The seventeen-year-old archmage was really, really… charming. Many times, she resisted the urge to lower her head and kiss those thin lips, all in order to maintain their fragile relationship.
On the way back, they didn’t encounter any troubles. They stayed outside, camping in the Rorolin fields and by the Titis Lake. Xerath repeatedly assured Sylas that she would wake her up before she could go to sleep. And she herself woke up in the middle of the night, persuading Xerath to sleep in the car with half coaxing and half forcing.
Xerath, wrapped in a blanket, leaned out of the open car window to look at her.
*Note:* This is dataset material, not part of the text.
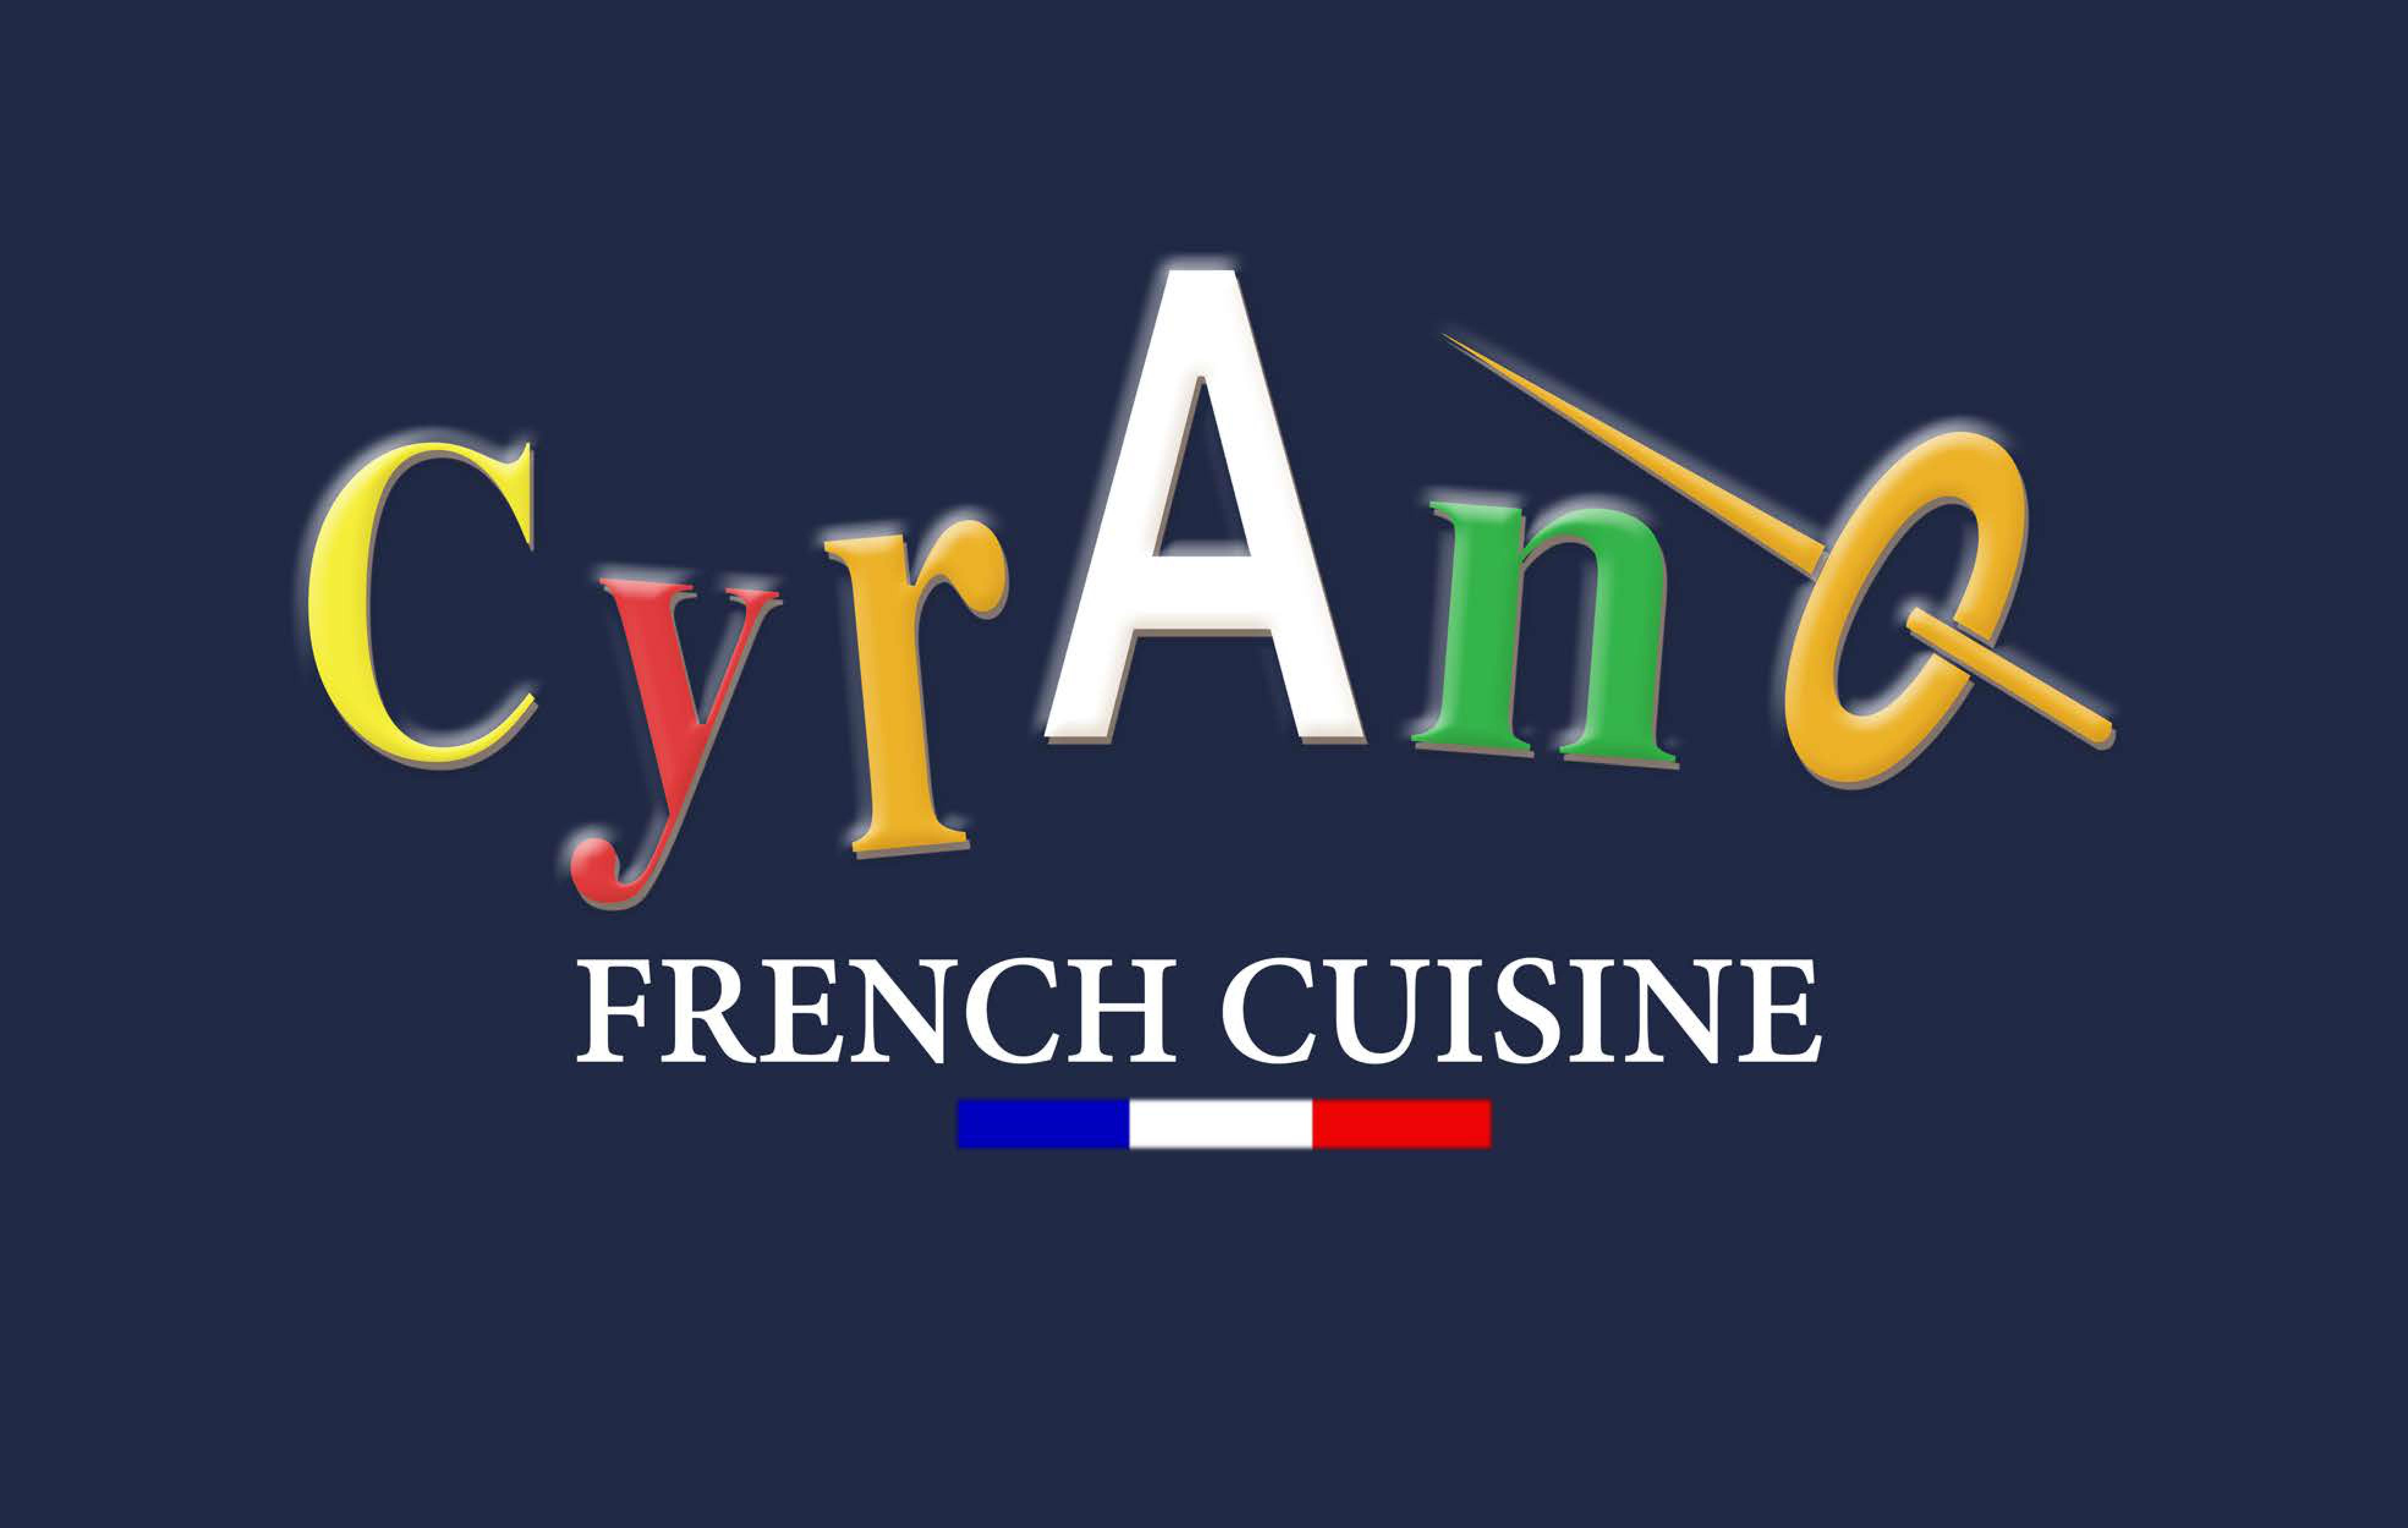 Cyrano Varberg logo

Sylas couldn’t help but misunderstand: In that novel about a student-teacher romance, when Karlos and Ilyas eloped in the end, Ilyas also leaned out of the carriage window, trying to delay bedtime as much as possible, just to spend more time with Karlos.
"You go to sleep." She tried to maintain a serious expression, but in her heart, she had already walked over to kiss this mischievous archmage, coaxing her to lie down obediently.
If this were allowed, how happy it would make one feel…
The number of cars they encountered on the road increased, and the road went downhill all the way. Sylas felt uncomfortable, and Xerath considerately asked, "What’s wrong?"
"I feel a bit… dizzy."
Xerath laughed and said, "You’re only feeling dizzy now?" She opened a car window slightly and patted the cushion beside her, "Getting carsick is normal, especially when you’ve been seeing everything upside down along the way. Come sit here with me."